Platforms argue that they are only a technology provider, and they offer a paid access to this technology to service providers and requesters. Even the vocabulary they use has as an objective to remove any association with an employment relationship. Accordingly, riders are ‘onboarded’ rather than hired, they are ‘partners’ not workers, and a platform ‘processes rider invoices’ rather than pays them a wage.

With such narrowly defined role, additional layers of intermediaries that build up between riders and a platform might indeed go unnoticed (more or less purposefully) by that platform.

However, these are not issues that I would see as exceeding the capacity of platforms to act upon. With some regulatory encouragement, for instance recognising platform work as subordinated employment, a requirement of a personal delivery of service could easily be established. This would curtail the exploitative practices of additional intermediaries.

Are riders self-organising and how?

Due to their ambiguous employment status, riders lack recourse to any effective mechanisms for voicing their concerns vis-à-vis the platform and improving the terms and conditions of their work. An ‘independent contractor’ status is generally not considered compatible with trade union membership, and it is even not allowed in some countries in light of EU competition law. Therefore, self-organising is not uncommon among the riders as an attempt to rebalance the power and information asymmetries between them and a platform. It can take different forms, such as grass-roots unions, union-affiliated guilds, worker-led platform cooperatives or quasi unions. What these initiatives have in common is their bottom-up character. They also tend to replicate the technology used by the platform they work on, such as Internet-based apps and social media, for recruiting and mobilising members. Such initiatives can start as a Facebook group used for exchanging work tips and sharing experience, evolve into collectives with their own name and visual identification, to then get support and recognition from long standing unions.

It seems that at least some unions are willing to represent platform workers’ interests, even if they cannot always be formally their members. Such ‘union inclusiveness’, which was found also towards non-standard workers more generally, can derive from the union’s ideological orientations, but also more pragmatic considerations that allowing platforms to operate unchallenged risks undermining work and employment conditions also for other workers in these sectors.

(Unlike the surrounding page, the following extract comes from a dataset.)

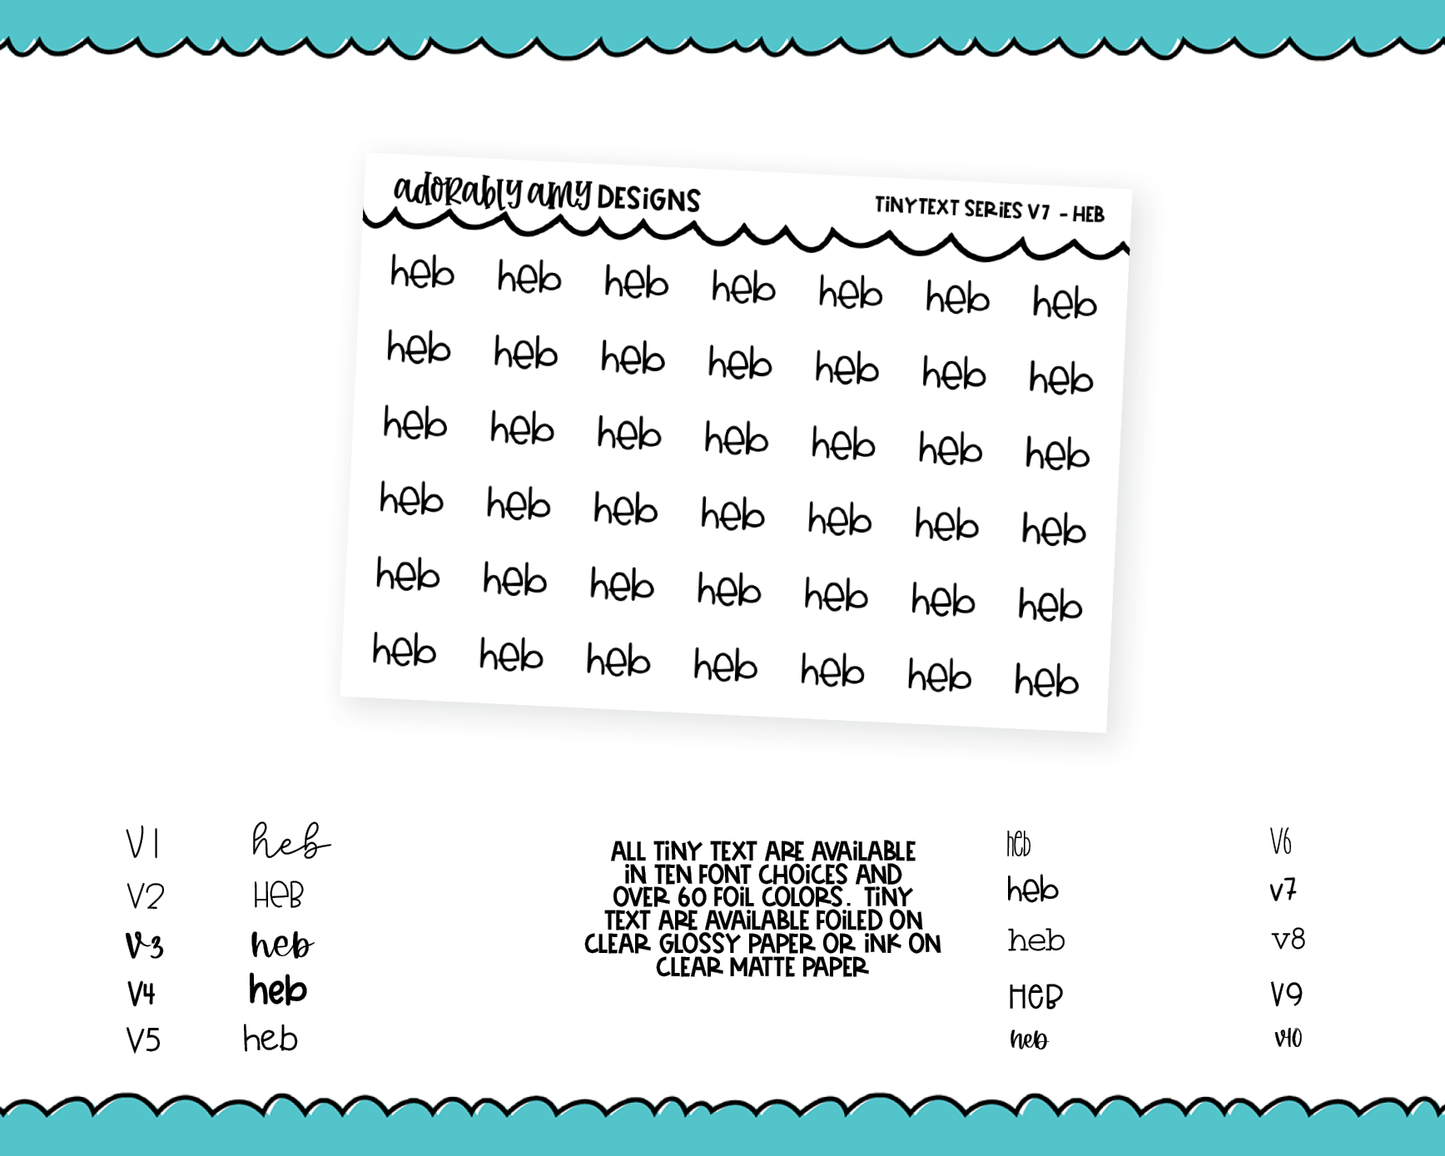 Foiled Tiny Text Series - HEB Checklist Size Planner Stickers for any Planner or Insert

What can the consequences of the gig economy on labour rights be if we don’t regulate already?

The aim of regulating platform work is to grant workers access to labour rights, including occupational safety and health. How important this is has become apparent in the light of the current health crisis and the Covid-19 pandemic. While workers are requested to isolate themselves and stop working when they are unwell, for riders, and many other groups of platform workers, these expectations are unrealistic. Without access to social protection and public health policies, in particular access to sickness benefits and leave, these workers simply cannot afford to stop working for fear of losing their income or even being disconnected by the platform.

How does platform work affect the rest of the job market?

This also extends to other rights and worker protections, for instance minimum wages, insurance, or protection against unfair dismissals. Allowing platforms to contract workers to perform work but without recognising it for employment relationship, means de facto denying access to basic rights and protections to this low-paid and vulnerable group of workers. But it was shown to have negative consequences also for other workers in these sectors, exerting downward pressures on wages or prompting employers to adopt similar technological solutions to allocate tasks and schedule work in a way to closely match staffing levels to demand, which results in unpredictable work hours and uncertain incomes. Regulating platform work is thus necessary to safeguard fair conditions of work for all, as well as serves public and social interests. Good news is that when we see past the technological hype, platform work shares many characteristics with other forms of non-standard or undeclared work, and so existing rules and policy options provide a sufficient starting point to regulate it.